Digital Care, Justice, and Colonialism

by | Jun 16, 2020 | ICT4D |

The words we choose to use matter. People had strong reactions when I used phrases like ‘from compliance to care‘ and ‘threatening humanitarian principles‘. The words touched a nerve in people. A negative nerve. So perhaps I should have used other words and perhaps I need to be more careful with my word choice.

But let’s think about a couple words for a moment. ‘Care’ tends to be associated with kindness, gentleness. But our associations might change when we add ‘home’ to it. Unfortunately, ‘care homes’ don’t always have kindness and gentleness associated with them. On the whole ‘care’ has more positive associations.

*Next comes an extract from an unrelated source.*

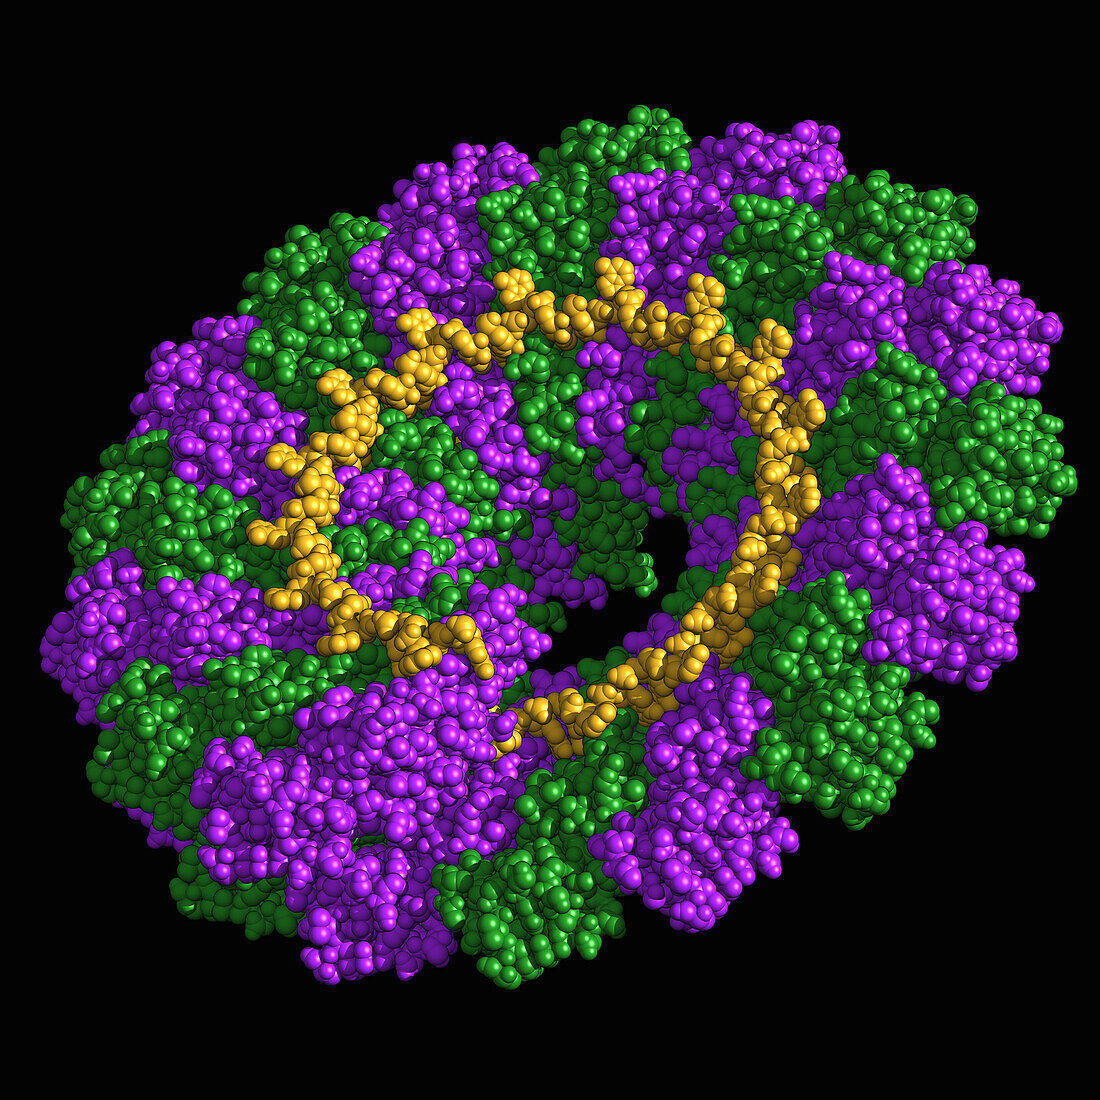 Tobacco mosaic virus capsid, molecular model

Justice conjures up a completely different reaction in us. There is something in ‘justice’ that brings out a dimension of power. Something about injustice, inequality, but also fairness, rules, order, rightness.

Both ‘care’ and ‘justice’ are also relational words. Again ‘care’ tends to be coming from a positive intent, while ‘justice’ tends to infer something needs correcting. But ‘care’ can also have ‘power’ dimensions with it as we do something to another. The intent is positive – ‘we hold the data of the beneficiaries as a ‘care action” but then when we don’t allow them access to the data do we become unjust? The decision to ‘hold the data on behalf of another’ – who is making it? Are we or are the people about whom the data is? Or is it a joint decision? And when we decide not to allow the beneficiary access to the data it ultimately becomes a power and control decision. Some may use the word ‘colonialism’, some ‘abuse’, and many other words.

And yes, some would say ‘we’d like to share the data with them, but the ‘system’ or software does not allow us to.’ That is a poor excuse. At best it is a bad design decision, but if you want to share the data with them, then choose a different system. Make it a requirement.

If we frame our questions to be what does data justice, technology justice, or digital justice look like, how does that change the perspective? Does it provide insights we didn’t have before?